Curious if anyone has noticed this before and if there’s a known solution of some sort. I’ve been playing with adding partial-pooling of the variances in hierarchical models (typical implementations like SUG1.13 leave these variances unpooled) and I consistently encounter a few post-warmup divergences even with very long warmup.

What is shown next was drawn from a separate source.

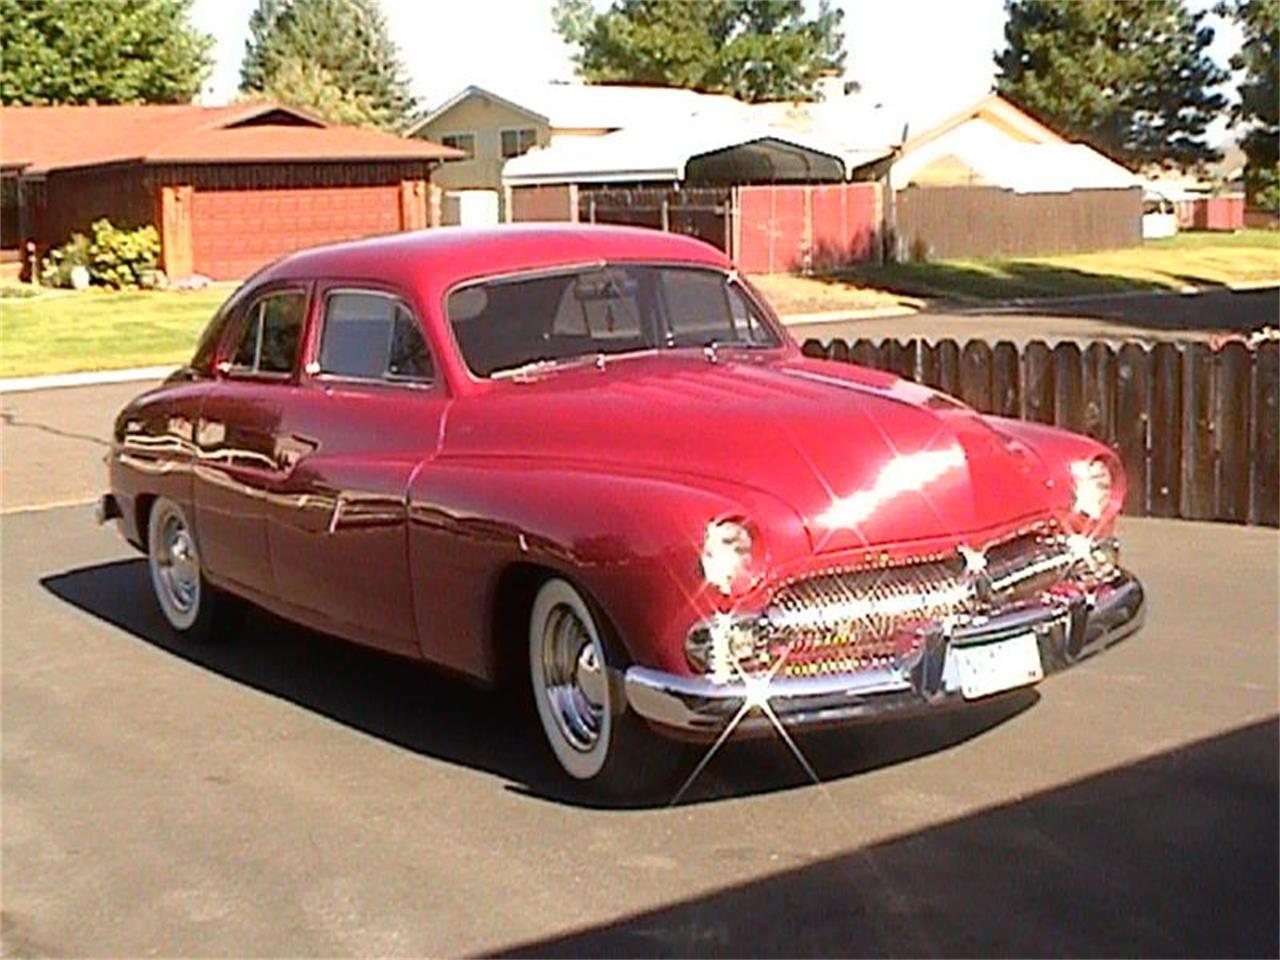 Large Picture of Classic 1950 Mercury 4-Dr Sedan - $40,700.00 - EAIC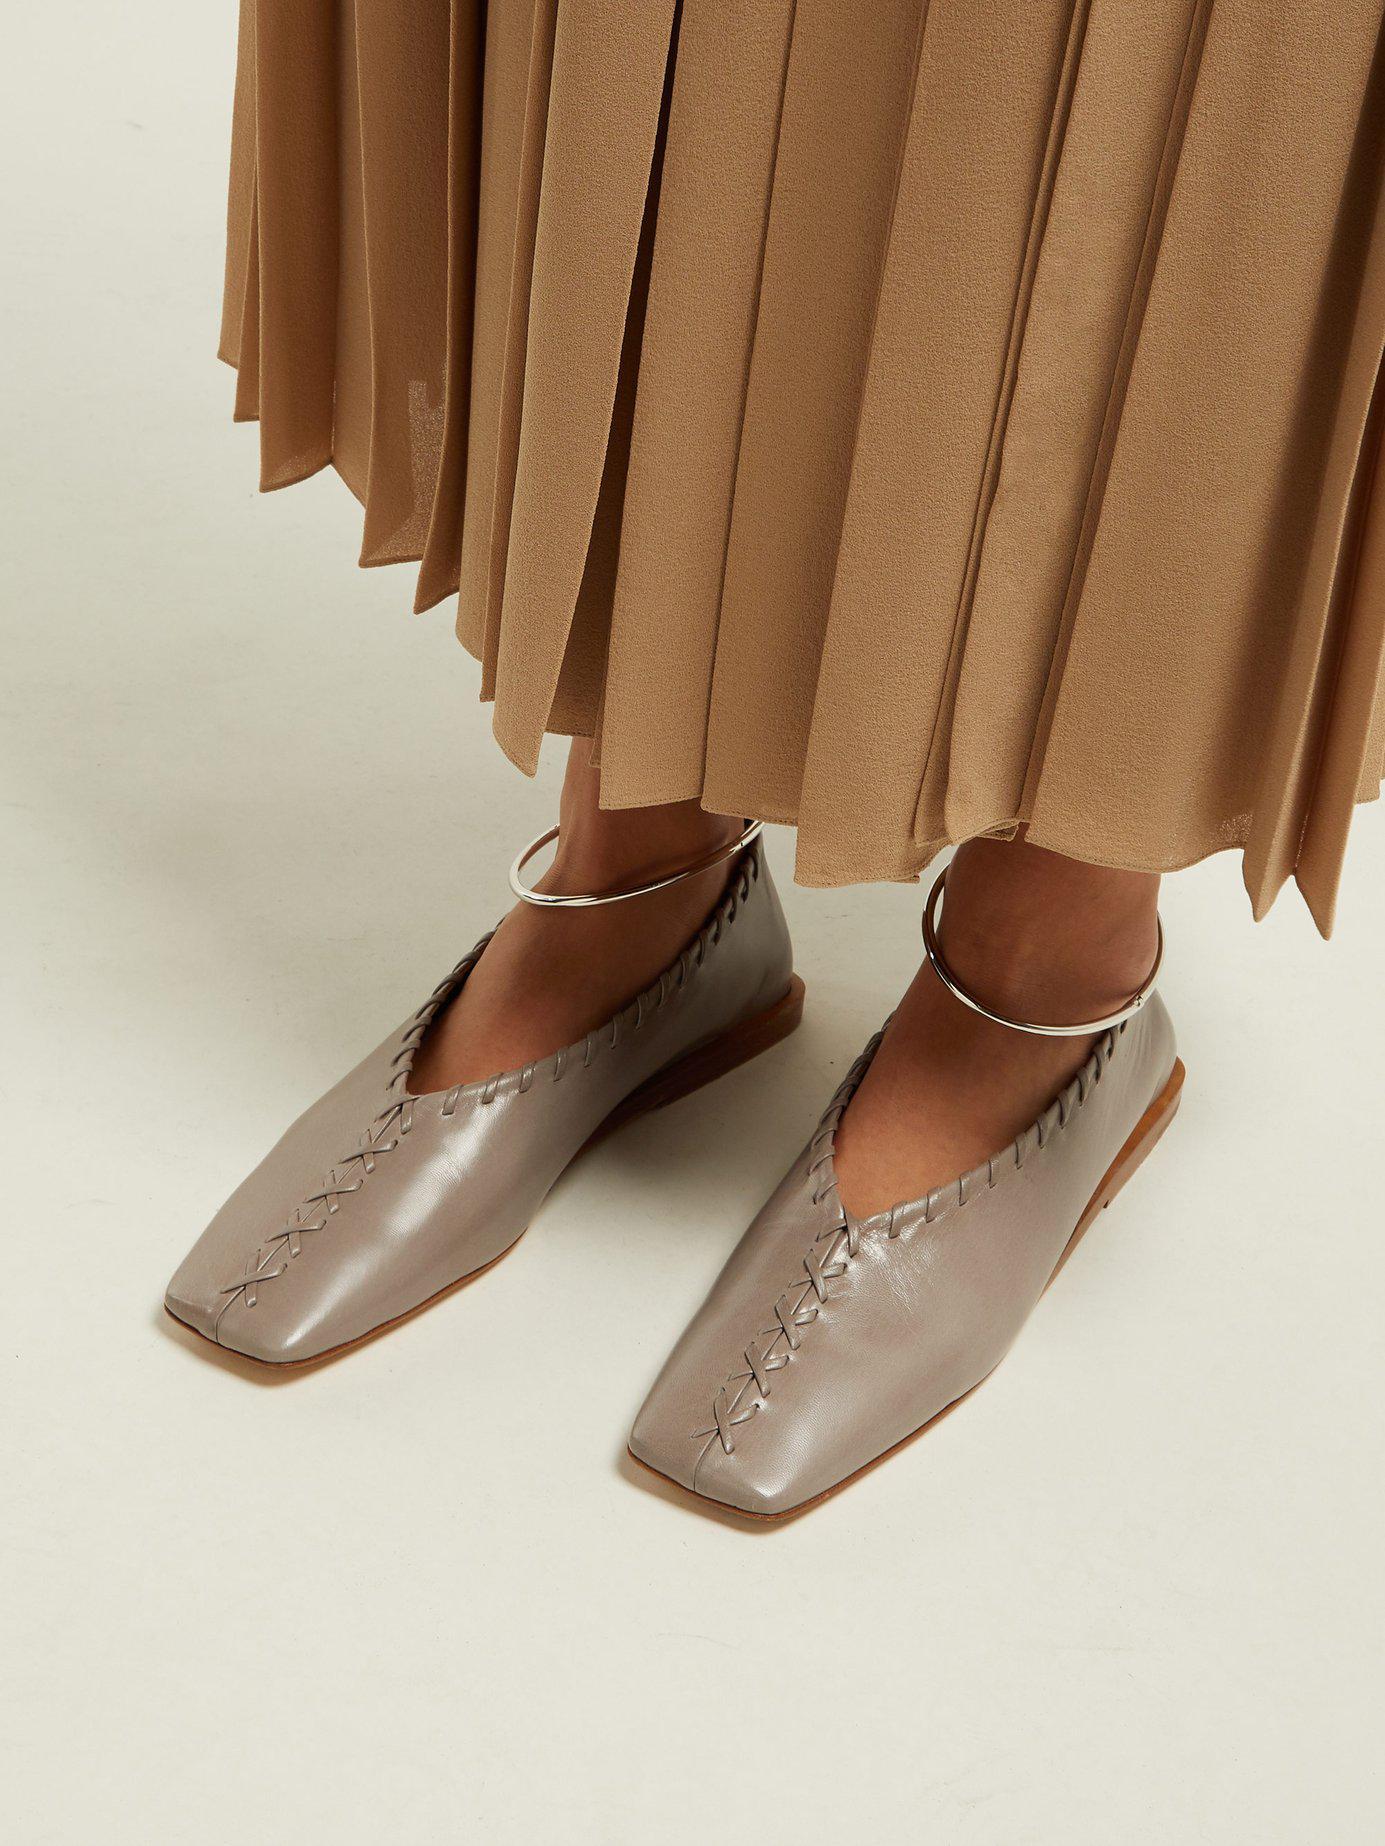 Jil Sander Leather Stitch-detailed Ballet Pumps in Grey (Gray) - Lyst

For context here’s a simple hierarchical model with the pooled-variances part highlighted through comments:

```
data{
// nI: number of individuals
int<lower=2> nI ;
// nXc: number of condition-level predictors
int<lower=2> nXc ;
// rXc: number of rows in the condition-level predictor matrix
int<lower=nXc> rXc ;
// Xc: condition-level predictor matrix
matrix[rXc,nXc] Xc ;
// iXc: which individual is associated with each row in Xc
array[rXc] int<lower=1,upper=nI> iXc ;
// nY: num entries in the observation vector
int<lower=nI> nY ;
// Y: observations
vector[nY] Y ;
// yXc: which row in Xc is associated with each observation in Y
array[nY] int<lower=1,upper=rXc> yXc ;
}
transformed data{
// tXc: transposed copy of Xc
matrix[nXc,rXc] tXc = transpose(Xc) ;
}
parameters{
// locat_coef: coefficients associated with location of the Gaussian likelihood
vector[nXc] locat_coef ;
// indiv_locat_coef_sd: magnitude of variability among individuals within a group
vector<lower=0>[nXc] indiv_locat_coef_sd ;
// NOTE: indiv_locat_coef_sd is usually modelled in an unpooled manner whereby
// the individual elements don't mutually inform, ex:
// indiv_locat_coef_sd ~ std_normal() ;
// To partially-pool, we could do instead:
// indiv_locat_coef_sd ~ normal(m,s) ;
// Or maybe:
// indiv_locat_coef_sd ~ lognormal(lm,ls) ;
// Thus need two more parameters:
// mean_indiv_locat_coef_sd: mean of the normal population from which the
// values in indiv_locat_coef_sd are considered samples
real<lower=0> mean_indiv_locat_coef_sd ;
// mean_indiv_locat_coef_sd: sd of the normal population from which the
// values in indiv_locat_coef_sd are considered samples
real<lower=0> sd_indiv_locat_coef_sd ;
// helper_indiv_locat_coef: helper-variable for non-centered parameterization of indiv_locat_coef
matrix[nXc,nI] helper_indiv_locat_coef ;
// noise: SD of Gaussian likelihood
real<lower=0> noise ;
}
model{
////
// group-level structure
////
// standard-normal priors on all group-level coefficients
locat_coef ~ normal(0,10) ;
noise ~ weibull(2,1) ;
////
// individual-level structure
////
// priors for the hyper-parameters for partial-pooling of indiv_locat_coef_sd
mean_indiv_locat_coef_sd ~ std_normal() ;
sd_indiv_locat_coef_sd ~ std_normal() ;
// both normal & lognormal priors for indiv_locat_coef_sd seem to yield
// few-but-consistent divergences
indiv_locat_coef_sd ~ normal(mean_indiv_locat_coef_sd,sd_indiv_locat_coef_sd) ;
// indiv_locat_coef_sd ~ lognormal(mean_indiv_locat_coef_sd,sd_indiv_locat_coef_sd) ;
// indiv_locat_coef_ must have a standard-normal prior
to_vector(helper_indiv_locat_coef) ~ std_normal() ;
////
// observation-level structure
////
// observations as normal with common error variability and varying mean
Y ~ normal(
// in-place computation of the Gaussian locations implied by the coeffi-
// cients & contrasts associated with each observation.
columns_dot_product(
(
rep_matrix(locat_coef,nI)
+ (
rep_matrix(indiv_locat_coef_sd,nI)
.* helper_indiv_locat_coef
)
)[,iXc]
, tXc
)[yXc]
, noise
) ;
}
```

As the comments note, I seem to encounter divergences regardless of whether the partial-pooling is applied on the normal or log-normal scales. Any thoughts?